Everyone knew; not that she’d thought otherwise. “I felt a little unwell when I first woke, but once I ate”-Isolde smiled-“I’m quite myself again.”
Betsy smiled back. “I know what you mean. Those first months can be a trial. Me and Sam wish you all the best, miss. Men can be a right handful, and I should know,” she said with a grimace. “My Richie left me God knows why. But things are bound to work out-for you and Lord Lennox. Sam says he’s never seen his lordship so over the moon for a woman; I thought you should know.”
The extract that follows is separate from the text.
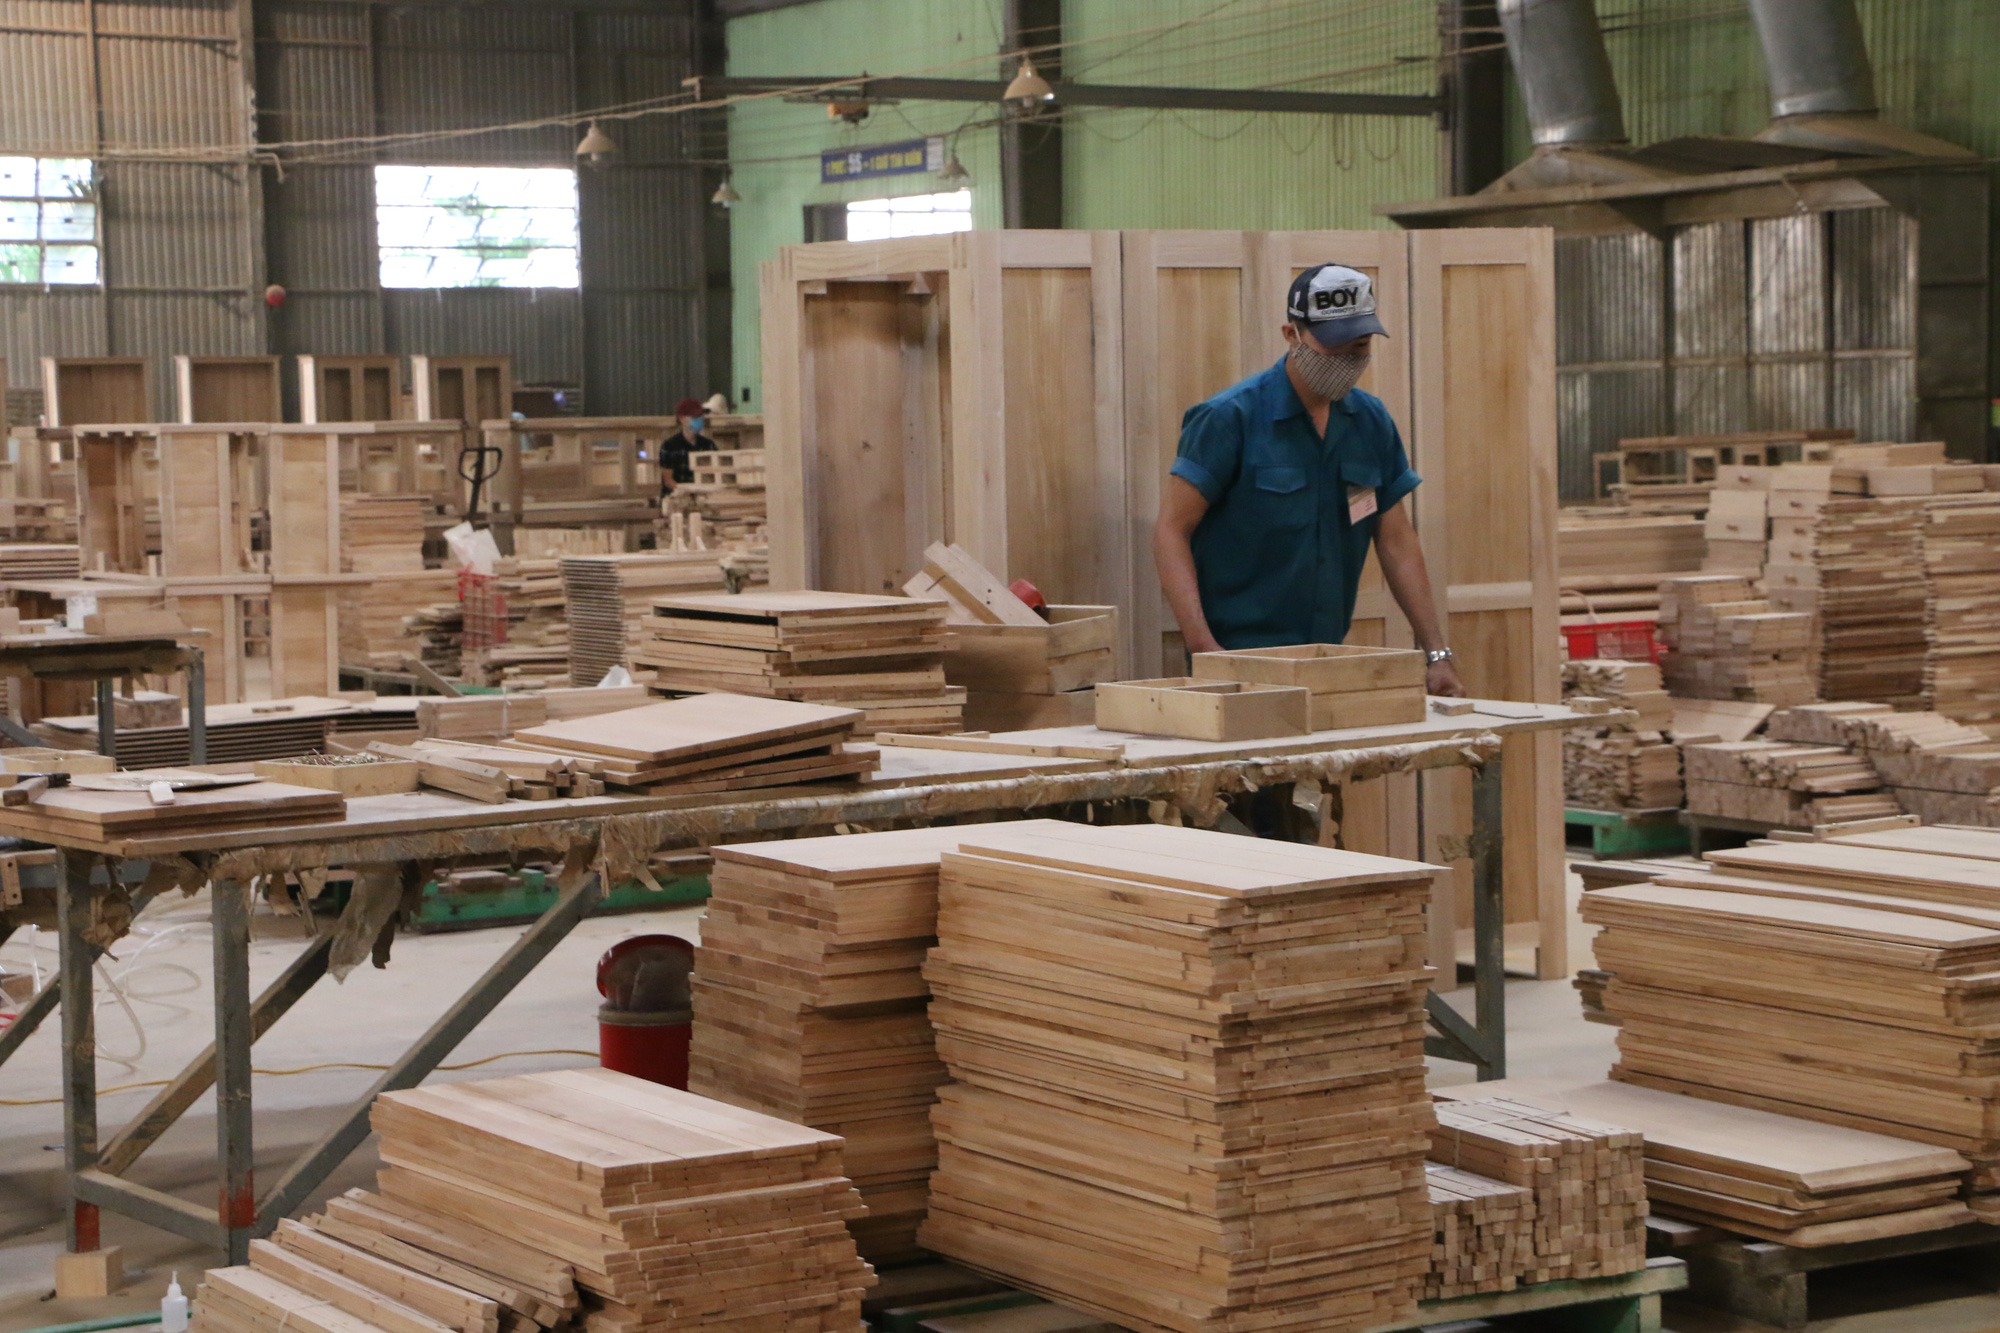 Vietnam’s wood exports face scourge amid COVID-19: official
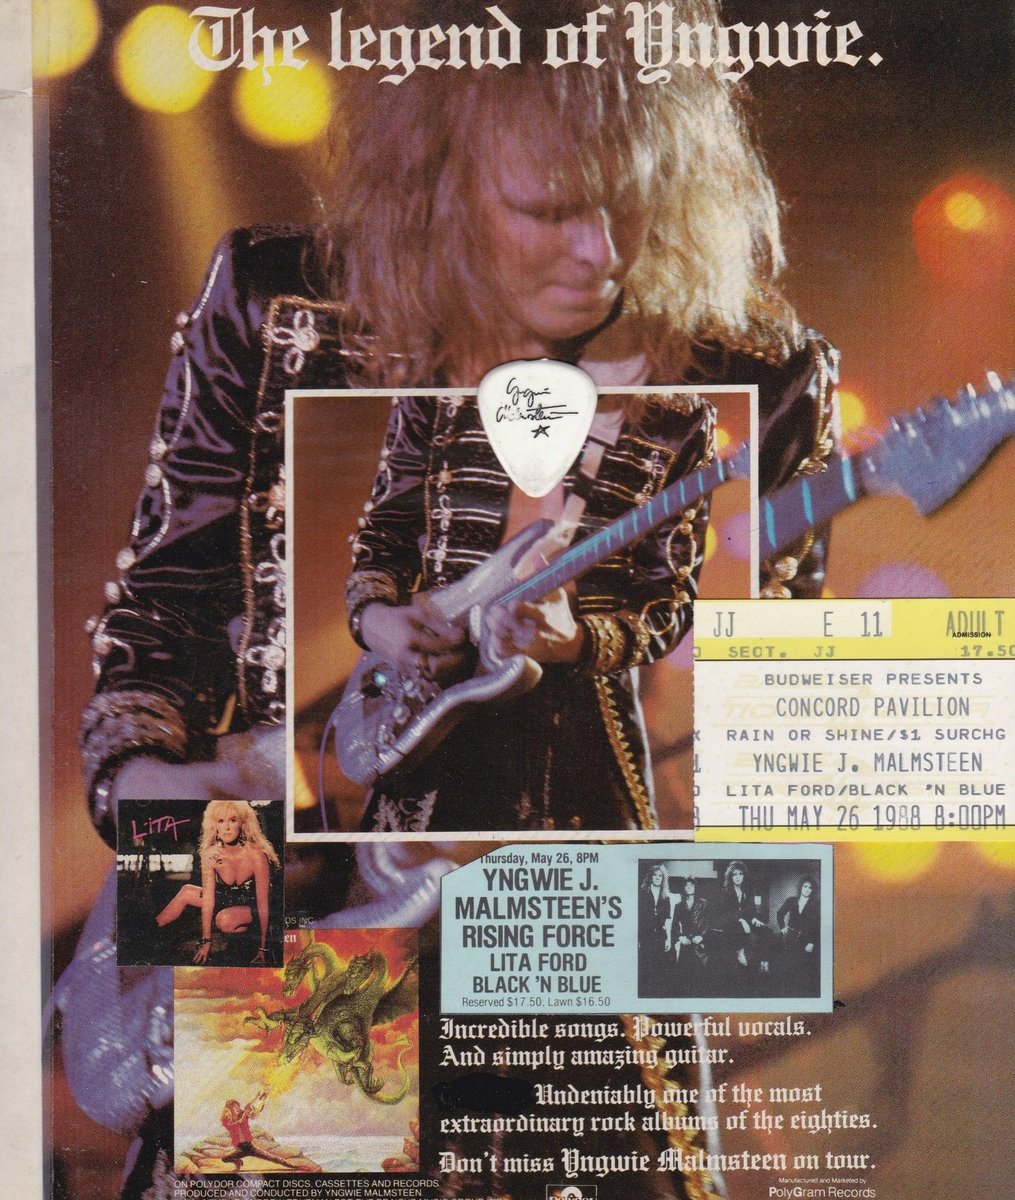 Yngwie J. Malmsteen Concert & Tour History | Concert Archives

“Thank you. His lordship is very loveable in turn, but life takes strange directions at times.” And I don’t believe for a minute that Oz would ever be over the moon for a woman. “I’m very pleased with the child, though; I’m grateful to my husband for that.” She took a small breath to steady her nerves, talk of Oz and the baby adversely affecting her composure. “Now please, come and visit anytime. You and Sam and Jess.”
“Sam’s buying me a wee house, so you must visit us as well.”
“I’d love to. Send me your direction when you know it.”
A short time later, as she stood on the drive and waved good-by, Isolde felt less forlorn knowing she could visit Betsy and Jess again-without having to see Oz. In the past few weeks she’d become attached to the adorable, affectionate little toddler and she’d miss him.
She’d become attached to an adorable big boy, too.
A shame he was no longer on her visitor list.